Мысль текла дальше, вскрывая очаги памяти. Касание первого из них мгно-
венно переменило мои настроения: "Так вот почему тюль была снята". "Ах
вот почему ты тогда испугалась, когда я уловил запах курева от те-
бя". Мысль, что подобное, если не большее происходило и раньше, когда я
дышал ее именем, меня шокировала. Теперь я думал иначе: "Нет. Если бы ты
сидела на одном стуле, ты была бы доверчивей". Право судить ее, кото-
рое я получал от своей чистоты, рождало теперь и искреннее сострадание
к ней. Оно усиливалось и тем, что, вспоминая ее озаренное лицо, я по-
нял, что она только в тот момент поняла, что в восприятии ее, я по
чистоте и непосредственности отношения к ней, был ребенком. Раньше я
несколько раз на ее эффектное, подчеркивающее мою мужскую силу, обра-
щение, говорил ей печально: "Ты не со мной разговариваешь". Что мне бы-
ло делать?Я ее любил и ненавидел. Последнее - не только из-за себя. Все
это происходило ведь при Даниле, отправленном спать в другую комнату
насильно. Теперь мне стали ясны многие детали его поведения. Я опять
застонал. Я и освобождался от нее чистотой. Но я был и привязан к ней
душой. И не только ей. И собой тоже. Как-то я сказал ей, что я ее никому
не отдам. "Почему я ушел? Мне надо было начистить фас этому Сереже и
отправить его вслед за своим другом. А потом ей дать втык",-внезапно
меняла направление мысль. Тогда бы я и сдерживал бы и свое слово и по-
лучал бы практически полную свободу действий по отношению к ней, и
прав на нее, из чего я выбирал второе. Но я проиграл и проигрывал. Более
того: я был привязан к ней и своими идеалами человека, которые были в
ней и которые, я знал, были не только моими. "Если ты такой сильный и
принимаешь человека целиком, у тебя сейчас есть полная возможность
продемонстрировать это",-думал я. Но я не хотел этого, так как чувство-
вал себя оплеванным с головы до ног, а она и сейчас оставалась свобод-
ной. Предложение свадьбы сейчас представлялось окончательным унижением
меня в ее глазах и казалось абсурдным. "Вот это жизнь!-думал я.-Это не
у матушки под крылом прохлаждаться". Матушка тем временем уехала. Я не
знал куда себя деть. Я сутками лежал на диване и думал: "Ну, почему,
почему так?" Огород требовал своего. Я ехал туда. Лопата валилась из
рук. Мне ничего не было нужно.

      Ъ_Набор нового опытаЪ..

      Я включал музыку и слушал "Алису", "Машину времени". Особенно
"Алиса" производила на меня впечатление.
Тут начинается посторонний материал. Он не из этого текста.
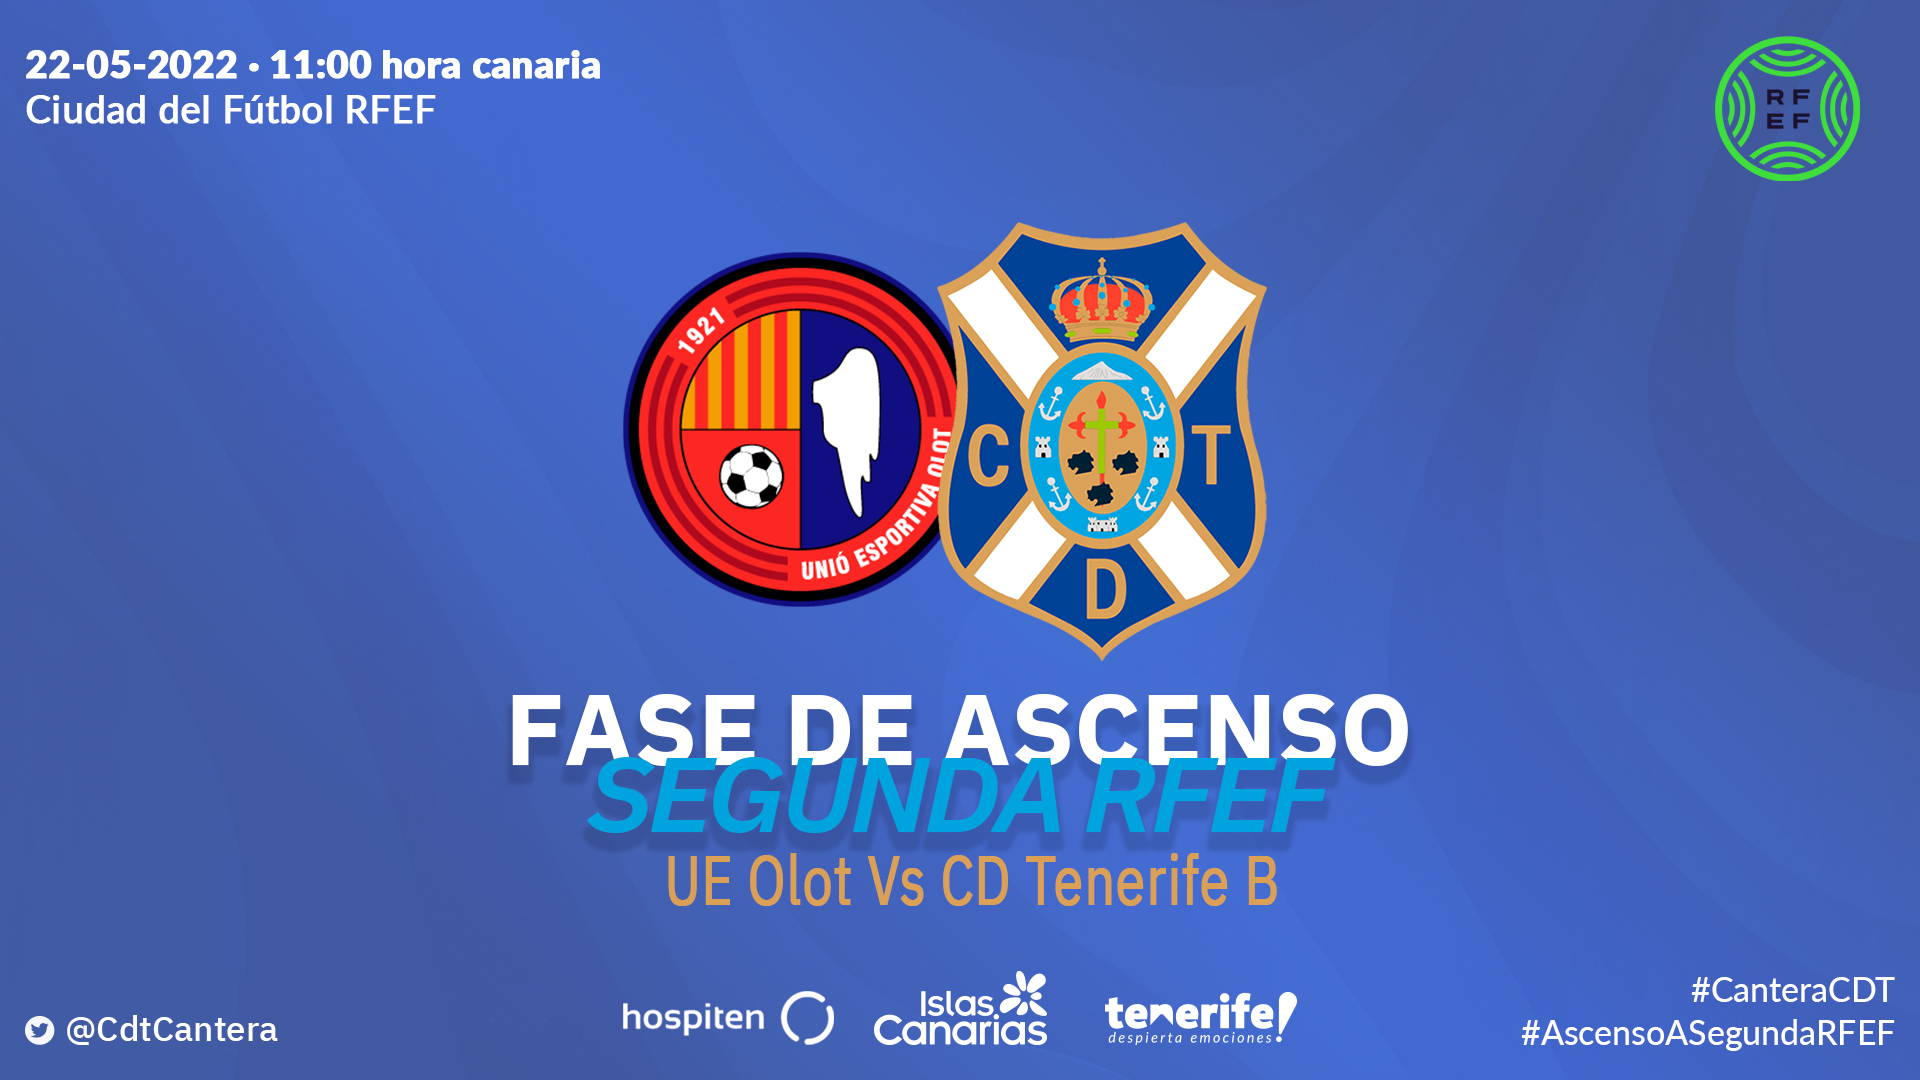 Finalmente el UE Olot catalán, rival del CD Tenerife B en la final por el ascenso a 2ª RFEF

Я завидовал силе Константина
Кинчева, и мне казалось, что мне до такой силы далеко. В песне "Если бы
мы были взрослее" Александра Кутикова есть слова:
      "Я очки терял, я не понимал, что можно проиграть.
      Но, но меня спасло, что в те годы, в те годы
      я не любил считать."
      У меня вставал вопрос какие очки и что считать. Павитрин как-то с
радостью воскликнул:"Я знаю почему первая эманация от человека идет
обычно отрицательная, а потом все плохое исчезает, и человек кажется
хорошим. Потому что он открывает свою душу, и все плохое растворяется в
последущем". У меня возникала куча вопросов-не лицемерит ли этот чело-
век? Почему в его психике есть плохое? Значит он способен на плохое?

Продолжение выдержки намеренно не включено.